Effects of the Invention As is clear from the above explanation, in the boiling cooling device for an internal combustion engine according to the present invention, the uneven distribution of antifreeze components in the refrigerant can always be suppressed within a certain range, and the increase in the boiling point of the refrigerant It is possible to reliably prevent the engine from overheating.ζ
This can prevent condensers, refrigerant supply pumps, etc. from freezing during the winter.

[Brief explanation of drawings]

FIG. 1 is a structural explanatory diagram showing one embodiment of the present invention, and FIG. 2 is a structural explanatory diagram showing another embodiment of the present invention. 1. Internal combustion engine, 2. Water jacket, 3. Condenser, 4. Refrigerant supply pump, 14. Liquid level switch,
17. Lower tank, 21. Reservoir tank, 27.
・Heater core, 30.. Heater pump, 31.. Refrigerant mixing passage, 34. 3rd temperature switch.

Claims (1)

[Claims] (1) A water jacket in which a liquid phase refrigerant such as an aqueous ethylene glycol solution is stored up to a predetermined level, and a condenser into which the refrigerant vapor generated in this water jacket is introduced and the condensed liquid phase refrigerant is stored in a lower tank at the bottom. an internal combustion engine comprising: a refrigerant supply pump that replenishes the water jacket with liquid phase refrigerant condensed in the condenser; and a reservoir tank that is constantly in communication with the lower tank and whose internal pressure is maintained at approximately atmospheric pressure.
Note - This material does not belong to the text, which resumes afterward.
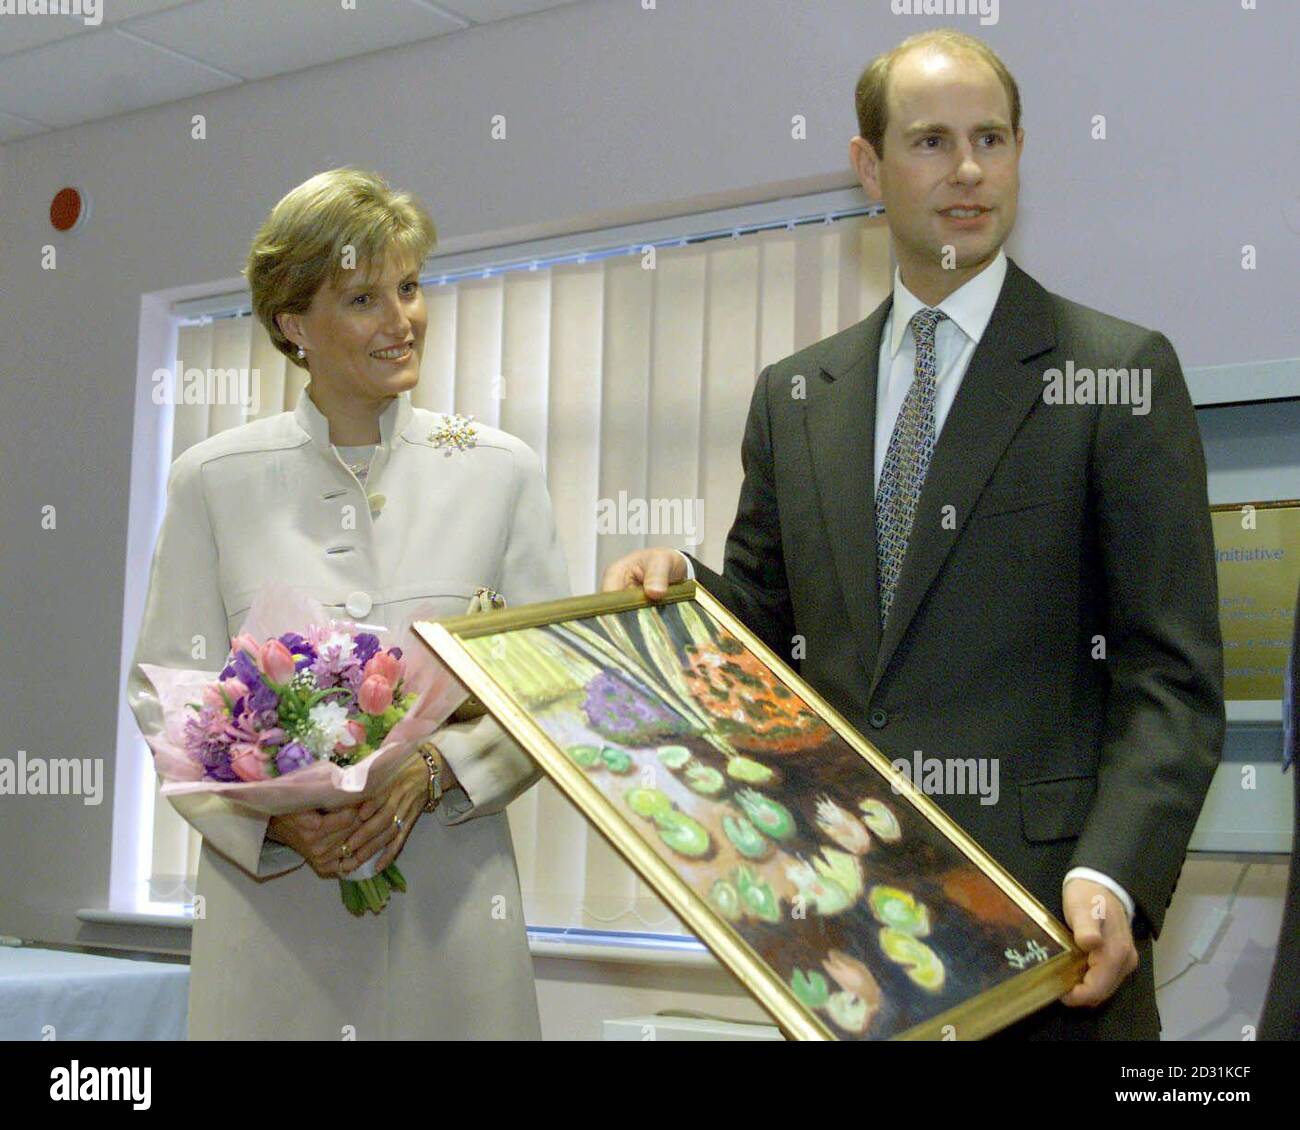 The Count And Countess of Wessex with gifts presented to them during their visit toThe Disability Initiative Resource Centre in Camberley, Surrey. * The Countess was presented with flowers by 21-year-old Terry Parish, who has lost both of her legs below her knee and all her fingertips due to illness, and the still life painting came from a patient called David Shevloff, who had spent three months working on the gift. Stock Photo

In the boiling cooling device, a refrigerant mixing means is provided to mix the liquid phase refrigerant in the water jacket to the condenser side, and a temperature detector is provided in the water jacket so that the temperature of the refrigerant in the water jacket reaches a predetermined boiling point. 1. A boiling cooling device for an internal combustion engine, characterized in that the refrigerant mixing means is configured to operate when the temperature reaches a higher temperature.